Connection Status Metrics

pg_up

Type: Gauge Labels: None (can have constant labels if configured) Description: Indicates whether the last scrape was able to connect to the PostgreSQL server. Values:
  • 1 - Successfully connected to PostgreSQL
  • 0 - Failed to connect to PostgreSQL
Use cases:
  • Primary health check for PostgreSQL connectivity
  • Alerting on database unavailability
  • Uptime monitoring
Example PromQL:
# Alert when PostgreSQL is down
pg_up == 0

# PostgreSQL uptime percentage (over 1 hour)
avg_over_time(pg_up[1h]) * 100

# Count of PostgreSQL instances down
count(pg_up == 0)
Alert example:
- alert: PostgreSQLDown
  expr: pg_up == 0
  for: 1m
  labels:
    severity: critical
  annotations:
    summary: "PostgreSQL instance {{ $labels.instance }} is down"
    description: "PostgreSQL has been unreachable for more than 1 minute"

Scrape Performance Metrics

pg_exporter_last_scrape_duration_seconds

Type: Gauge Labels: None (can have constant labels if configured) Description: Duration of the last scrape of metrics from PostgreSQL in seconds. Use cases:
  • Monitoring exporter performance
  • Identifying slow metric collection
  • Capacity planning
Example PromQL:
# Alert on slow scrapes
pg_exporter_last_scrape_duration_seconds > 10

# Average scrape duration over time
avg_over_time(pg_exporter_last_scrape_duration_seconds[5m])

# Scrape duration trend
deriv(pg_exporter_last_scrape_duration_seconds[1h])

pg_exporter_scrapes_total

Type: Counter Labels: None (can have constant labels if configured) Description: Total number of times PostgreSQL was scraped for metrics. Use cases:
  • Monitoring scrape frequency
  • Calculating error rates
  • Verifying exporter is running
Example PromQL:
# Scrape rate per minute
rate(pg_exporter_scrapes_total[1m])

# Total scrapes in the last hour
increase(pg_exporter_scrapes_total[1h])

pg_exporter_last_scrape_error

Type: Gauge Labels: None (can have constant labels if configured) Description: Whether the last scrape of metrics from PostgreSQL resulted in an error. Values:
  • 1 - Last scrape encountered an error
  • 0 - Last scrape was successful
Use cases:
  • Detecting metric collection failures
  • Alerting on persistent errors
  • Debugging exporter issues
Example PromQL:
# Alert on scrape errors
pg_exporter_last_scrape_error == 1

# Error rate (percentage of failed scrapes)
rate(pg_exporter_last_scrape_error[5m]) * 100

# Has been failing for more than 5 minutes
pg_exporter_last_scrape_error == 1 and 
  pg_exporter_last_scrape_error offset 5m == 1
Alert example:
- alert: PostgreSQLExporterScrapeFailing
  expr: pg_exporter_last_scrape_error == 1
  for: 5m
  labels:
    severity: warning
  annotations:
    summary: "PostgreSQL exporter scrape failing for {{ $labels.instance }}"
    description: "The exporter has been unable to scrape metrics for more than 5 minutes"

Per-Collector Metrics

These metrics are exposed for each enabled collector, allowing fine-grained monitoring of individual collector performance.

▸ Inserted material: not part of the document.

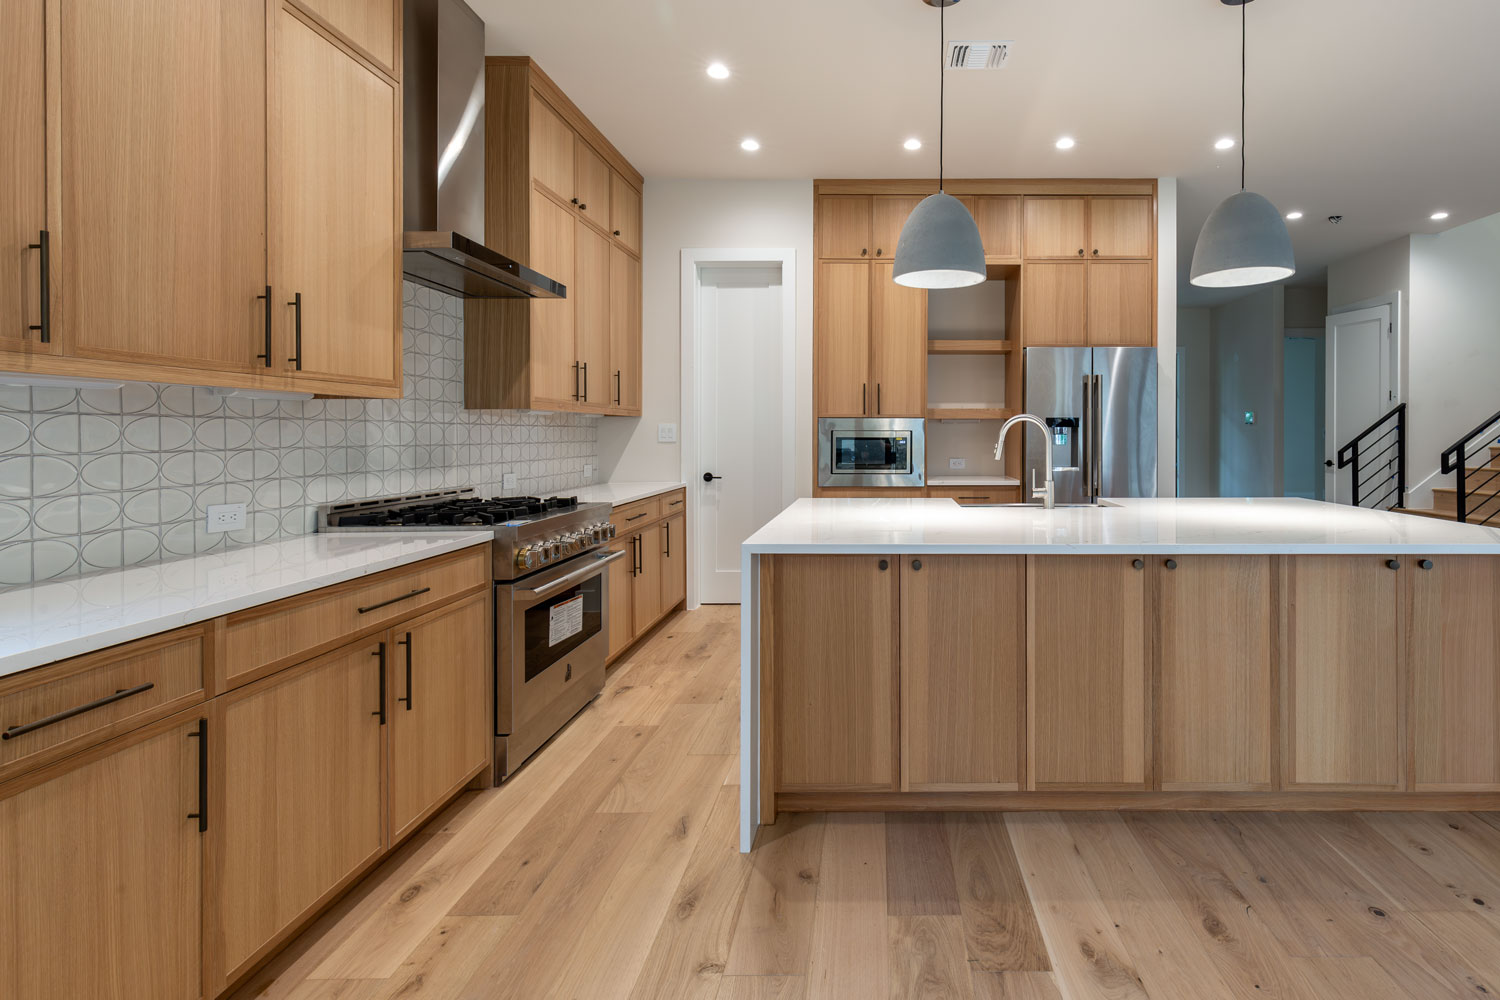 Kitchen with rift white oak 4S 1" Shaker cabinet doors for those looking for slim shaker look without mitered construction

pg_scrape_collector_duration_seconds

Type: Gauge Labels:
  • collector - Name of the collector (e.g., “database”, “stat_database”, “locks”)
Description: Duration of a collector scrape in seconds. Use cases:
  • Identifying slow collectors
  • Optimizing collector performance
  • Troubleshooting specific collectors
Example PromQL:
# Slowest collectors
topk(5, pg_scrape_collector_duration_seconds)

# Collectors taking longer than 1 second
pg_scrape_collector_duration_seconds > 1

# Average duration per collector
avg by (collector) (pg_scrape_collector_duration_seconds)

# Alert on slow stat_statements collector
pg_scrape_collector_duration_seconds{collector="stat_statements"} > 5
Common collector durations:
  • Fast collectors (<0.1s): database, replication, postmaster
  • Medium collectors (0.1 to 1s): stat_database, stat_bgwriter, locks
  • Slow collectors (>1s): stat_user_tables, stat_statements (especially on busy systems)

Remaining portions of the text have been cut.